Time to recurrence and recurrence pattern
Recurrence occurred in 151 (33.6%) patients during the follow-up period. The median time to recurrence was 17.0 months (range from 2.0 to 91.0 months), and the mean time was 21.1 months. Among patients with recurrence, 113 (74.8%) had recurrence within 2 years. The frequency and rate of recurrence are demonstrated in Figure 2.
Of the 151 patients with recurrence, 58 (38.4%) were diagnosed with peritoneal recurrence, which was the most prevalent, 49 (32.5%) patients had hematogenous metastases, which was the second most common recurrence pattern, and liver was the most frequently involved organ; it was implicated in 57.1% of all recurrent patients. Other recurrences were loco-regional (n = 34, 22.5%), distant lymph node metastases (n = 8, 5.3%), or at multiple sites (n = 2, 1.3%) (Figure 3).

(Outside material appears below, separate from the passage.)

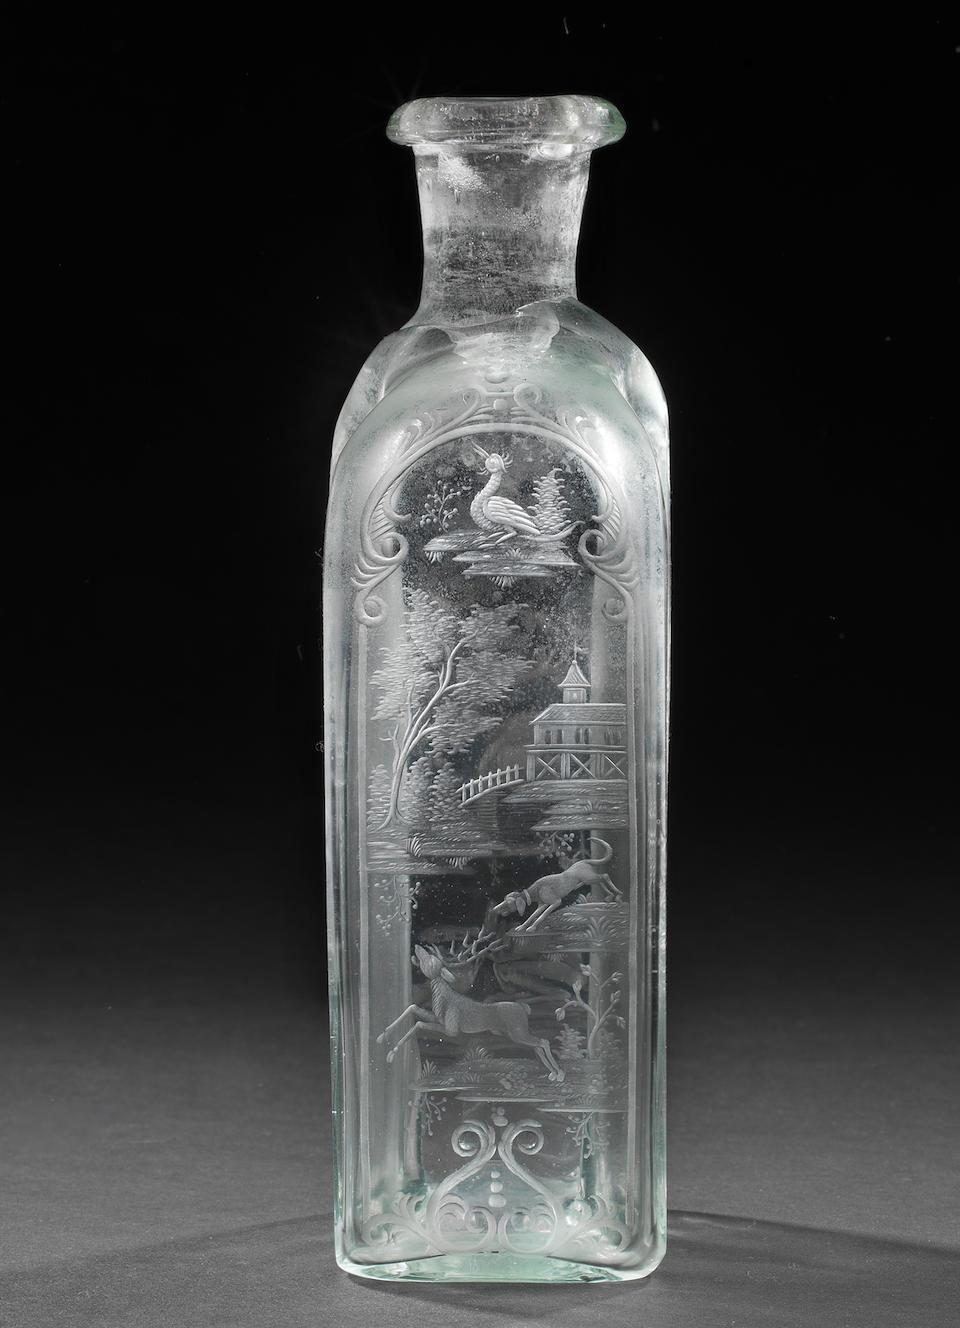 A Nuremberg engraved bottle, attributed to Anton Mäuerl, circa 1720

Recurrence-related factors
Univariate analysis showed that Borrmann type, depth of invasion, lymph node status, and expression of bcl-2 were associated with overall recurrence, whereas age, gender, histological type, tumor location, and tumor size were not (Table 1). Logistic regression was employed to identify the independent risk factors for overall recurrence. It was demonstrated that depth of invasion, lymph node metastases, and negative expression of bcl-2 were independent predictive factors for overall recurrence (Table 2).
Table 1.
No recurrence |
Recurrence |
P -value | |
---|---|---|---|
(n = 298) | (n = 151) | ||
Age (years), mean ± SD |
57.8 ± 11.9 |
55.8 ± 12.9 |
0.095 |
Gender, male/female |
203/95 |
104/47 |
0.871 |
Tumor size (cm), mean ± SD |
4.8 ± 2.5 |
5.3 ± 2.7 |
0.054 |
Tumor location, upper/middle/lower/two or more |
91/38/153/16 |
56/27/59/9 |
0.094 |
Borrmann type, 0/I/II/III/IV |
45/22/9/211/11 |
4/10/5/122/10 |
0.002 |
Histology, well/moderate/poorly differentiated |
5/101/192 |
2/48/101 |
0.899 |
Depth of invasion, T1 + T2/T3 + T4 |
94/204 |
16/135 |
0.000 |
Lymph node status, negative/positive |
108/190 |
15/136 |
0.000 |
Bcl-2, negative/positive | 226/72 | 128/23 | 0.029 |
Table 2.
Variable | P -value | Odds ratio | 95% CI |
---|---|---|---|
Age |
0.116 |
0.710 |
0.463, 1.088 |
Gender |
0.775 |
1.069 |
0.677, 1.687 |
Borrmann type |
0.334 |
0.872 |
0.660, 1.152 |
Depth of invasion |
0.017 |
0.438 |
0.222, 0.861 |
Lymph node status |
0.000 |
3.753 |
2.040, 6.905 |
Bcl-2 | 0.047 | 0.577 | 0.336, 0.992 |
Univariate analysis showed that Borrmann type, depth of invasion, lymph node status, histology, gender, and expression of bcl-2 were associated with peritoneal recurrence. Logistic regression showed that depth of invasion, lymph node status, histology, and bcl-2 were independent predictive factors for peritoneal recurrence. Tumor location and Borrmann type were related to hematogenous metastases, and tumor location was the only independent predictive factor. There was no correlation between clinicopathological parameters and loco-regional recurrence.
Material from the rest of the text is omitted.